Data supplied below:

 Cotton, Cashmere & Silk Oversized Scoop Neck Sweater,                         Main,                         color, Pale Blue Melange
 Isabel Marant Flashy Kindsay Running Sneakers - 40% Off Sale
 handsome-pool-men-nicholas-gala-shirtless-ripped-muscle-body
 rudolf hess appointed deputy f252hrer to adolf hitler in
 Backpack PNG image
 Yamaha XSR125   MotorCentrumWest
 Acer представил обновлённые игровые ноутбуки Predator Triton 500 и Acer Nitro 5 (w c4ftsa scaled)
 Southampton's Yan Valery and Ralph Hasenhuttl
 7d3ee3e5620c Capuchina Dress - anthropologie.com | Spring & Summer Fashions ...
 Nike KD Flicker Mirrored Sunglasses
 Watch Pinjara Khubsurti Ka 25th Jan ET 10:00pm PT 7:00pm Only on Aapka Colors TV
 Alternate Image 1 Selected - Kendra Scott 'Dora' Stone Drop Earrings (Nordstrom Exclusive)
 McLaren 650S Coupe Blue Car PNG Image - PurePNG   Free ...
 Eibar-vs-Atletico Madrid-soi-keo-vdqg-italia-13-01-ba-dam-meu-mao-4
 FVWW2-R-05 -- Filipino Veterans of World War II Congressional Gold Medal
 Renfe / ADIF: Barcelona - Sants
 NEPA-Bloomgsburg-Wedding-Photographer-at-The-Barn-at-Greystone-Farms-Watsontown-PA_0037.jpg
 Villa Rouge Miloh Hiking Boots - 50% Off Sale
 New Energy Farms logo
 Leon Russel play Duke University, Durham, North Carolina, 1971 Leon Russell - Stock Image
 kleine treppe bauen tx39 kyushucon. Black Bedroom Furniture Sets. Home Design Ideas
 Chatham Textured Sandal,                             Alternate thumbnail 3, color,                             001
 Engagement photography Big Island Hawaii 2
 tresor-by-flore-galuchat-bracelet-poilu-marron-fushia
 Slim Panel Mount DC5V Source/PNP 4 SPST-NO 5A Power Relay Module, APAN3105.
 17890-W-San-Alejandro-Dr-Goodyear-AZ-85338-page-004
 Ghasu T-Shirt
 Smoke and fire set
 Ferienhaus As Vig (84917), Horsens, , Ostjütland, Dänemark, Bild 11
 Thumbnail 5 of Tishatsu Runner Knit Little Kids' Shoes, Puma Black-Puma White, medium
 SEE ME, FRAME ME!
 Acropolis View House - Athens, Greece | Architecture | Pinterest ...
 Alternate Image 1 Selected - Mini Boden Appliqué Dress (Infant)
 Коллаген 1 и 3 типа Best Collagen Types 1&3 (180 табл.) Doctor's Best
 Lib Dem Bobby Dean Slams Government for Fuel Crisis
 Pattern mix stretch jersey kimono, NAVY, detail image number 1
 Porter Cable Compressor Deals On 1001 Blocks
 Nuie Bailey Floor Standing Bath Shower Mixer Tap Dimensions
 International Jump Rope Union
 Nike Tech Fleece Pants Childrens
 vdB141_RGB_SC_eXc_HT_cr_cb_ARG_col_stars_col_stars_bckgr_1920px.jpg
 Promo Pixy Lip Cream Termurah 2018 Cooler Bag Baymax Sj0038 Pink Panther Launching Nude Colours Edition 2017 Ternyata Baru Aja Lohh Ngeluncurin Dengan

End of Data supplied.

* Exercise objective:
The lines from the beginning of the records through the line containing "handsome-pool-men-nicholas-gala-shirtless-ripped-muscle-body" should be reproduced exactly. Include nothing else.

* Task result:
 Cotton, Cashmere & Silk Oversized Scoop Neck Sweater,                         Main,                         color, Pale Blue Melange
 Isabel Marant Flashy Kindsay Running Sneakers - 40% Off Sale
 handsome-pool-men-nicholas-gala-shirtless-ripped-muscle-body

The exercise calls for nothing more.